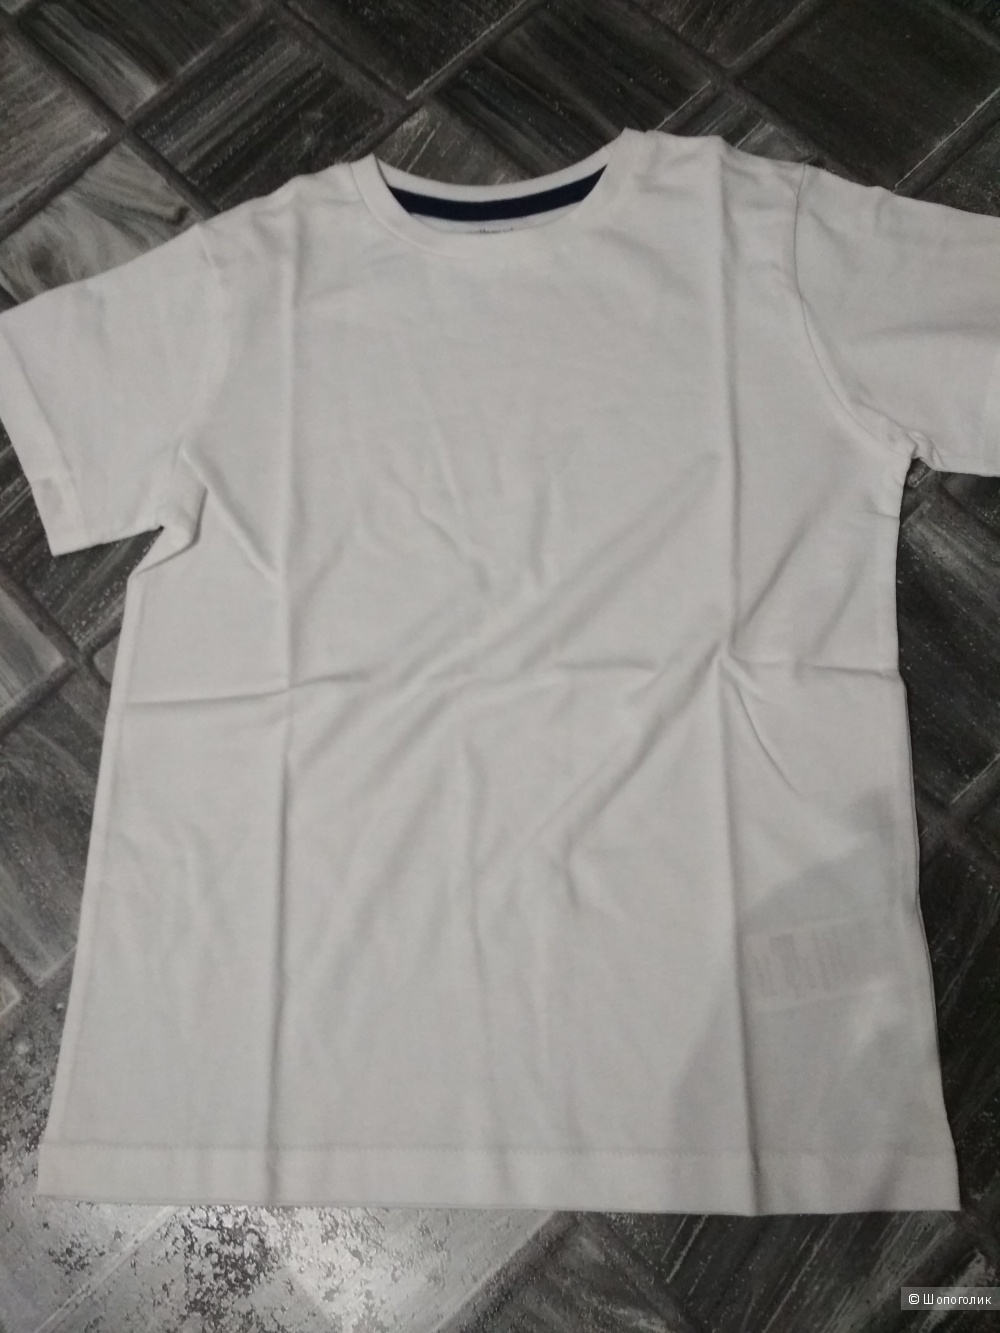 Комплект футболок vertbaudet размер 126
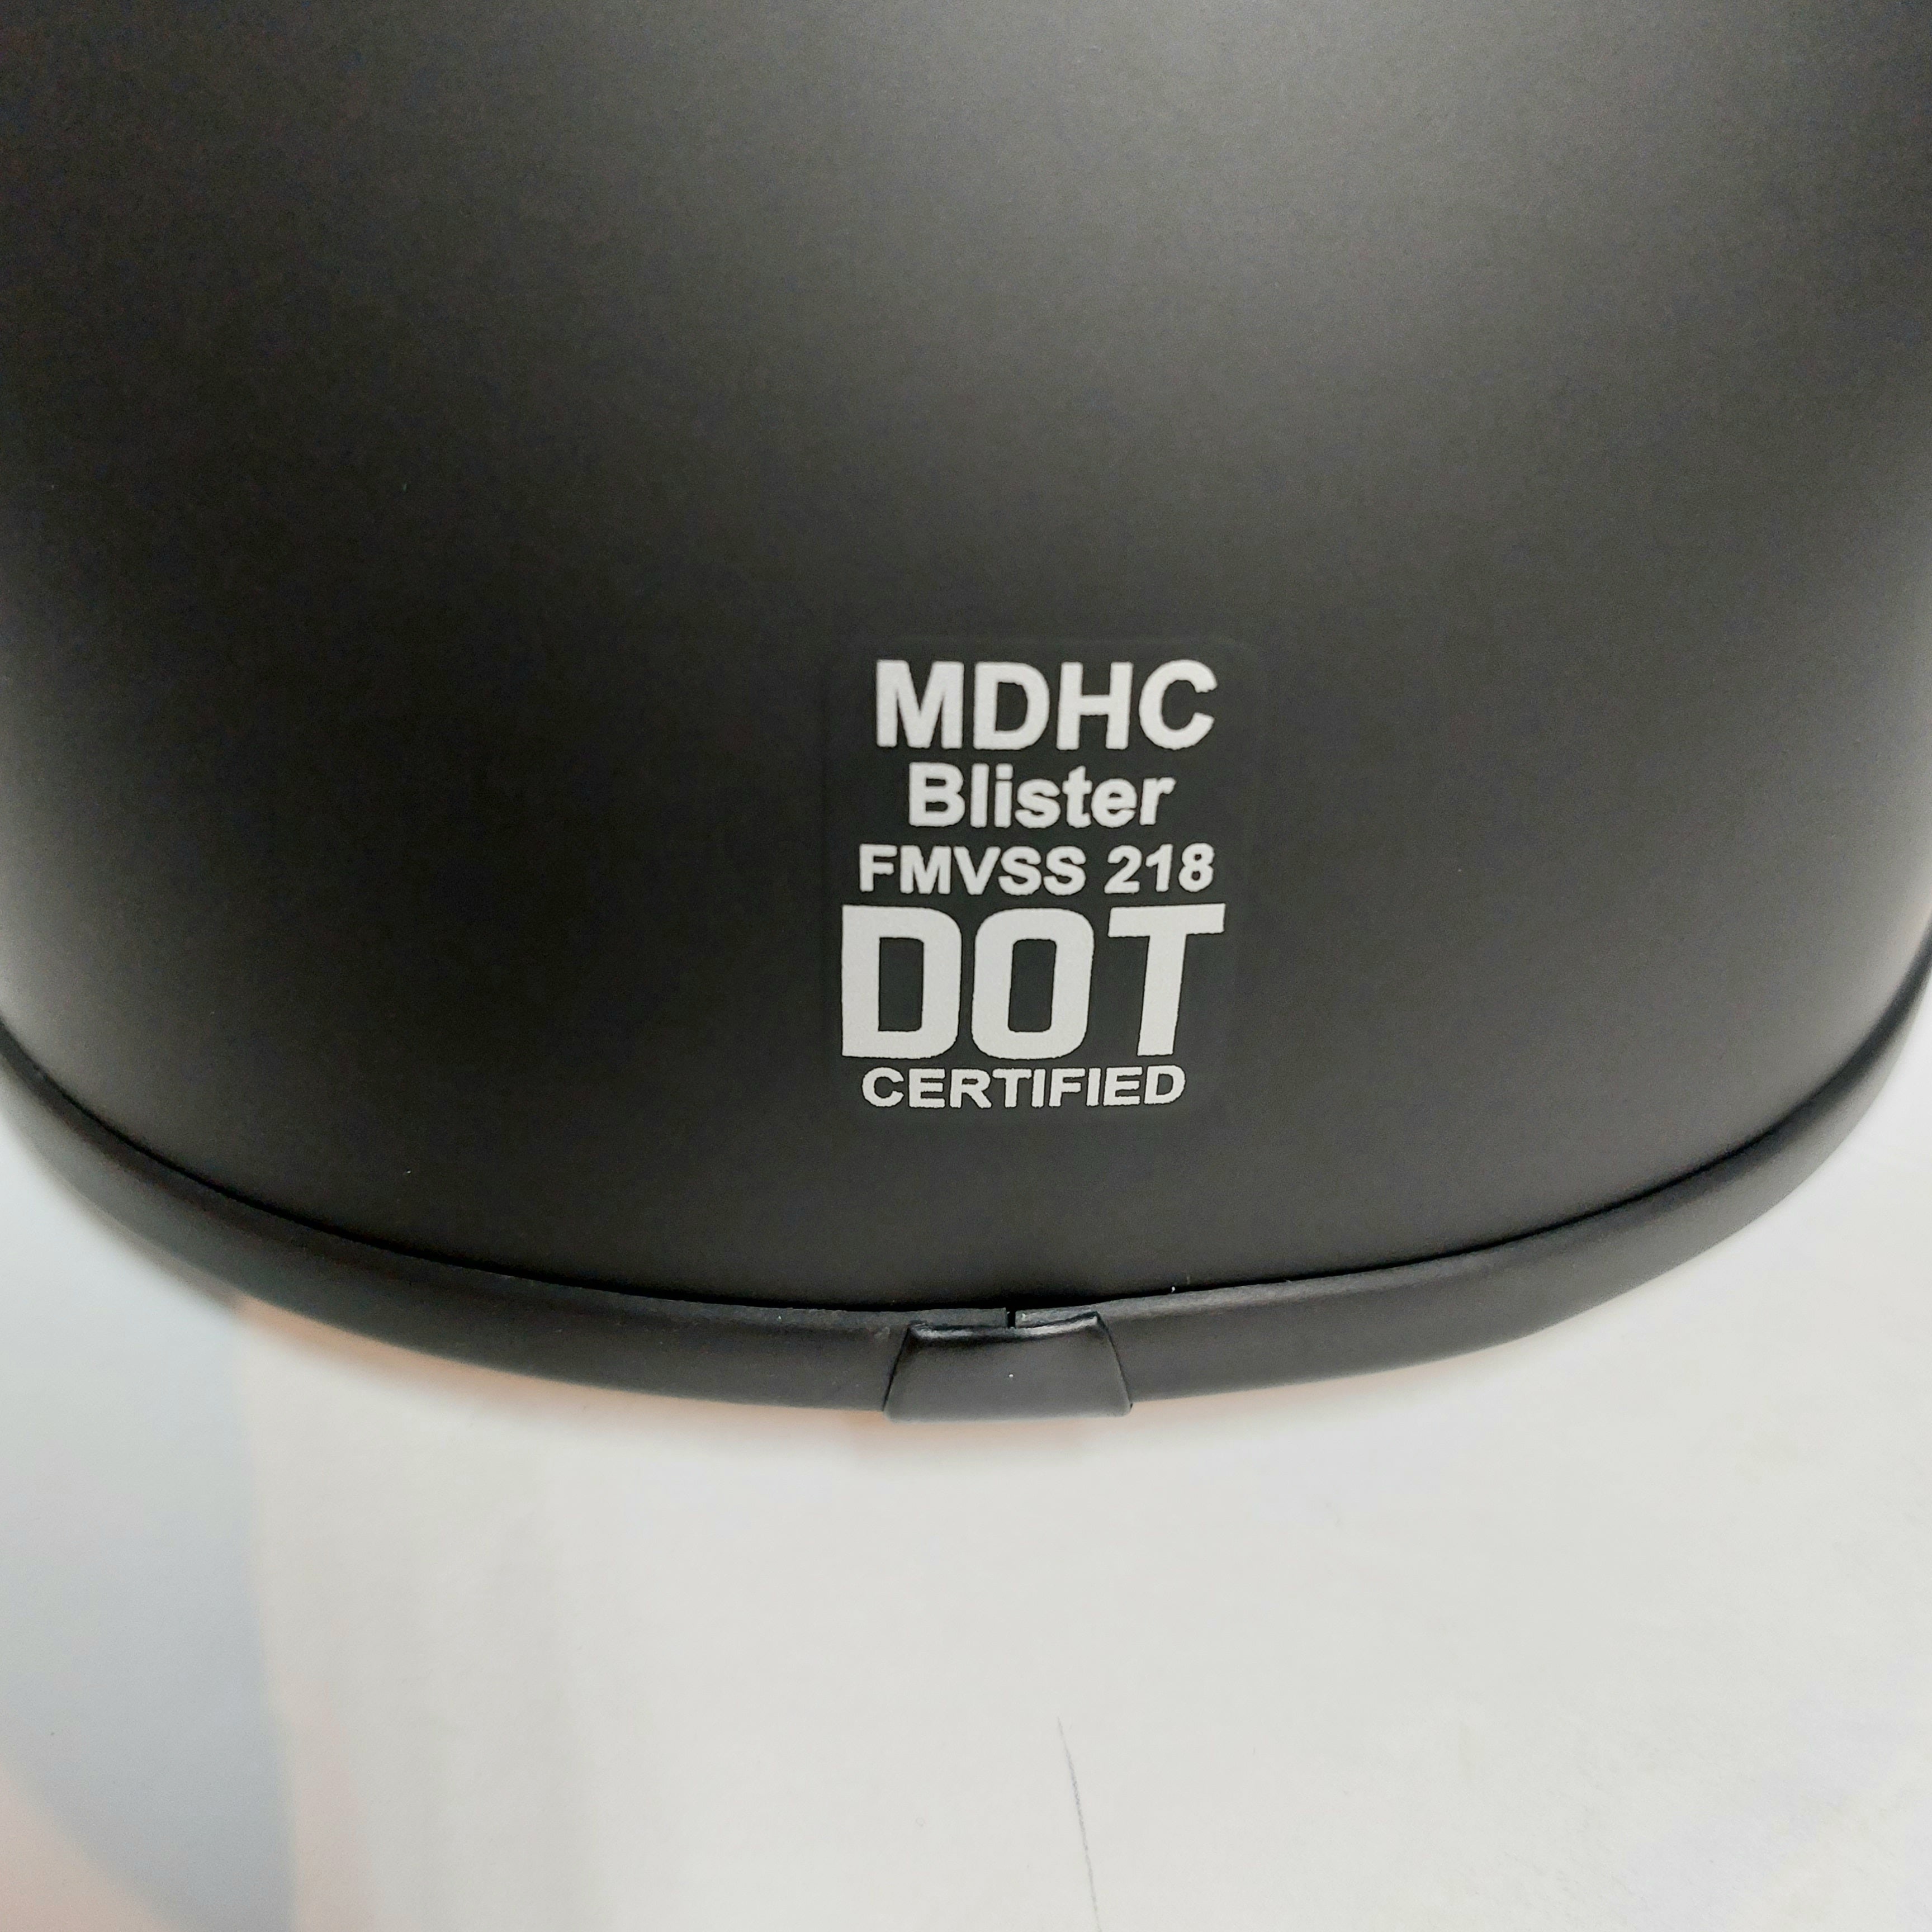 Micro DOT "Twister" Reversible Flat Black Half Helmet No Mushroom Look
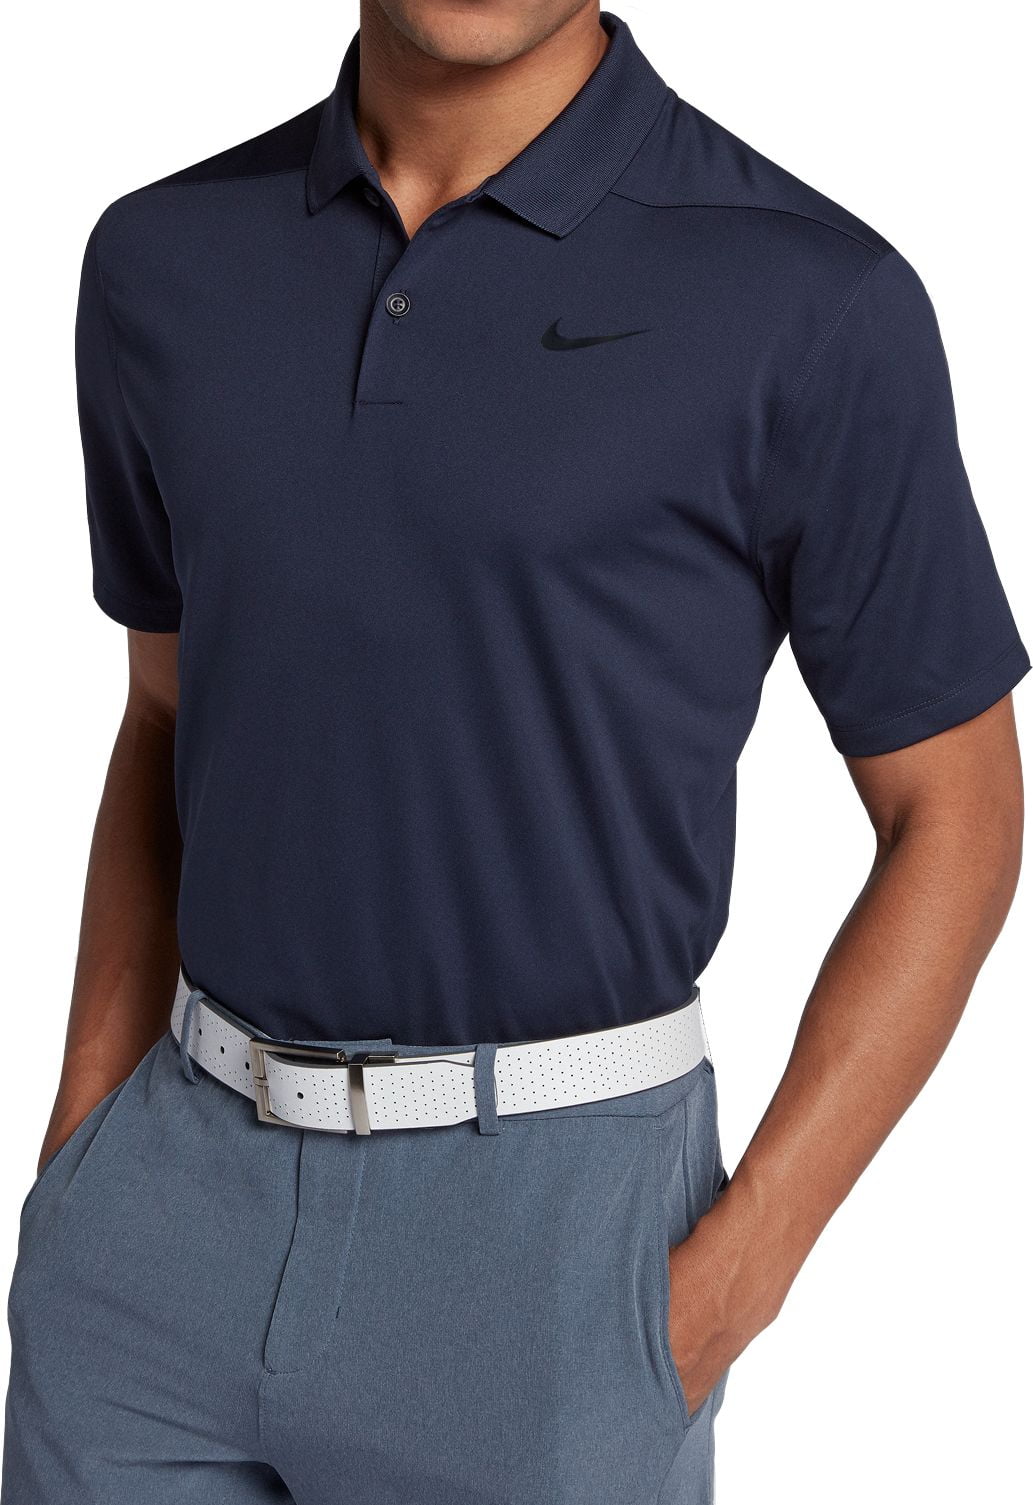 Nike Men's Solid Dry Victory Golf Polo - Walmart.com
== == ==
## WORK REQUIRED
Everything in the material except the pictures should be output verbatim.

## TASK RESULT
 Комплект футболок vertbaudet размер 126
 Micro DOT "Twister" Reversible Flat Black Half Helmet No Mushroom Look
 Nike Men's Solid Dry Victory Golf Polo - Walmart.com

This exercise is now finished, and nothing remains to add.